Court rejects insurer's `get-out' clause

An insurer's interpretation of a "get-out" clause, used to escape paying compensation for material damage in certain road accidents…

An insurer's interpretation of a "get-out" clause, used to escape paying compensation for material damage in certain road accidents, has been held as unsustainable by a Circuit Court judge.

In a decision that has far reaching consequences for the Motor Insurers' Bureau of Ireland, Judge Bryan Mc Mahon rejected its argument that it was not obliged to pay out any compensation when the driver of a stolen vehicle remained unknown. He said Clause 7 (2) of a 1988 Agreement between the Minister for the Environment and the Bureau stated "the liability of MIBI for damage to property shall not extend to damage caused by a vehicle the owner or user of which remains unidentified or untraced"

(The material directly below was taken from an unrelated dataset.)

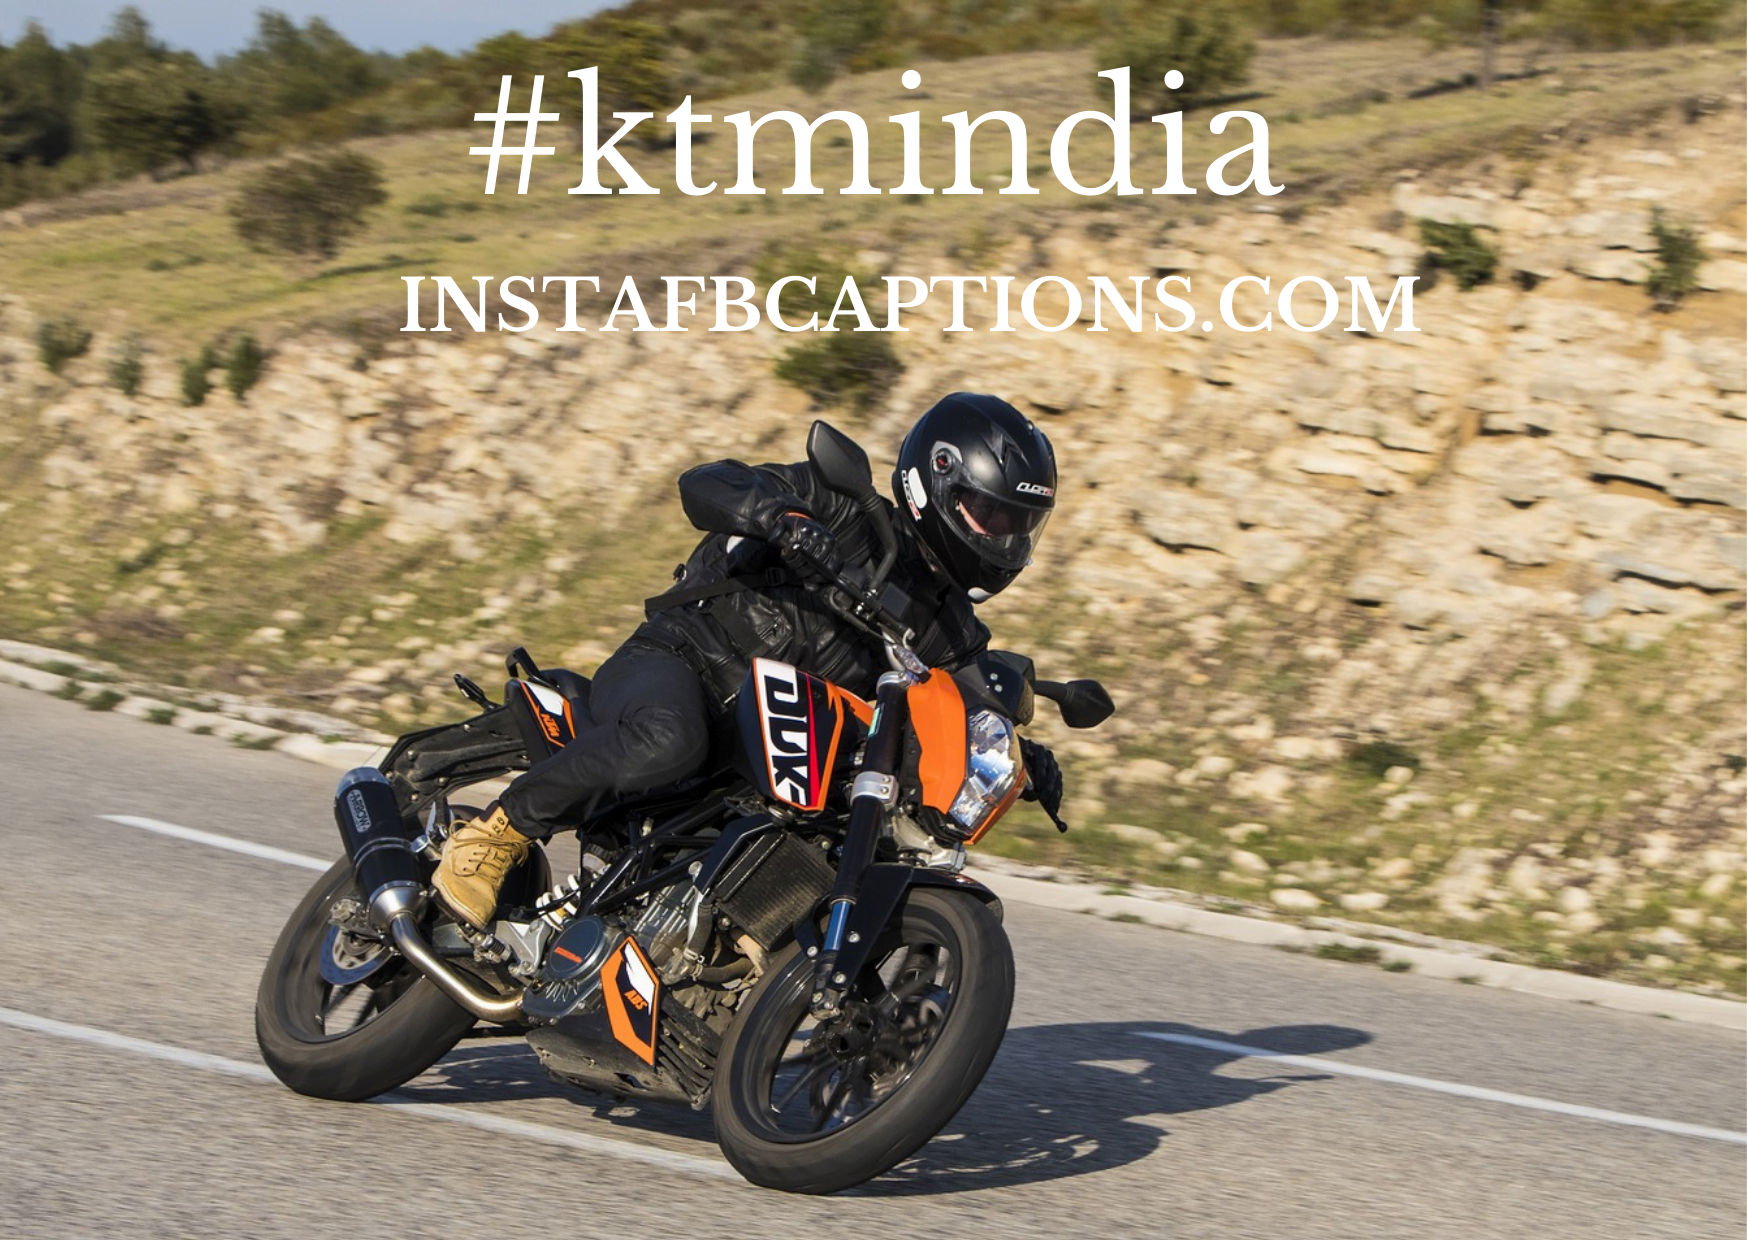 Famous Ktm Hashtags For Instagram  - Famous KTM Hashtags for Instagram - [New] KTM Instagram Captions for Super Bike Photos

The MIBI had argued it was not obliged to compensate Dublin Bus for two accidents caused by stolen cars because their "users" remained unidentified or untraced. For any liability to arise both owner and user had to be identified and traced. If one remained unidentified or untraced there was no liability.

Judge Mc Mahon said that in the cases before him the owners of the stolen cars had been identified and traced but the drivers had not been located. He said the clause had been drafted to give effect to a provision of an EU directive introduced to protect national schemes such as that operated by the MIBI against fraudulent claims.

READ MORE

The directive allowed an exception only when "the vehicle" was unidentified. It did not justify attempts to exclude payments of compensation when "the owner or user" was unidentified or untraced, even though the vehicle had been located and identified.

Judge Mc Mahon said the MIBI fund had been made available from insurers to compensate victims of road traffic accidents caused by uninsured or stolen vehicles or by unidentified or untraced drivers.

In respect of hit-and-run accidents, compensation had initially been provided only for personal injuries and restrictions applied in relation to property damage to protect the fund against fraudulent claims.

The main fear was that a person who damaged h is own vehicle might claim it had been damaged by an untraced hit-and-run motorist and claim property loss against the fund.

The EU had recognised this problem and its Directive provided that member States, in their national schemes, could restrict liability to a limited extent when "the vehicle" remained unidentified.

Judge McMahon said the clause in dispute was more extensive that that which had been permitted by the Directive and was a wrong or improper attempt to transpose EC obligations into Irish Law. The MIBI had long accepted the error contained in its agreement with the Minister in transposing the EU directive into Irish law and had been on record as not having enforced the clause since April 1996.

In spite of public statements to the contrary, the MIBI was still relying on the terms of the clause when it suited them.

"EU law obliges member states not only to transpose EU measures properly into their national law, it also obliges them to remove, by positive action, incorrect transpositions or erroneous statements of the law once they are known and identified," Judge Mc Mahon said.

Had the directive been properly implemented then there was no doubt Dublin Bus would have recovered their property damage from the MIBI. It was equally clear an individual could sue the State for damages suffered as a result of its failure to implement the directive.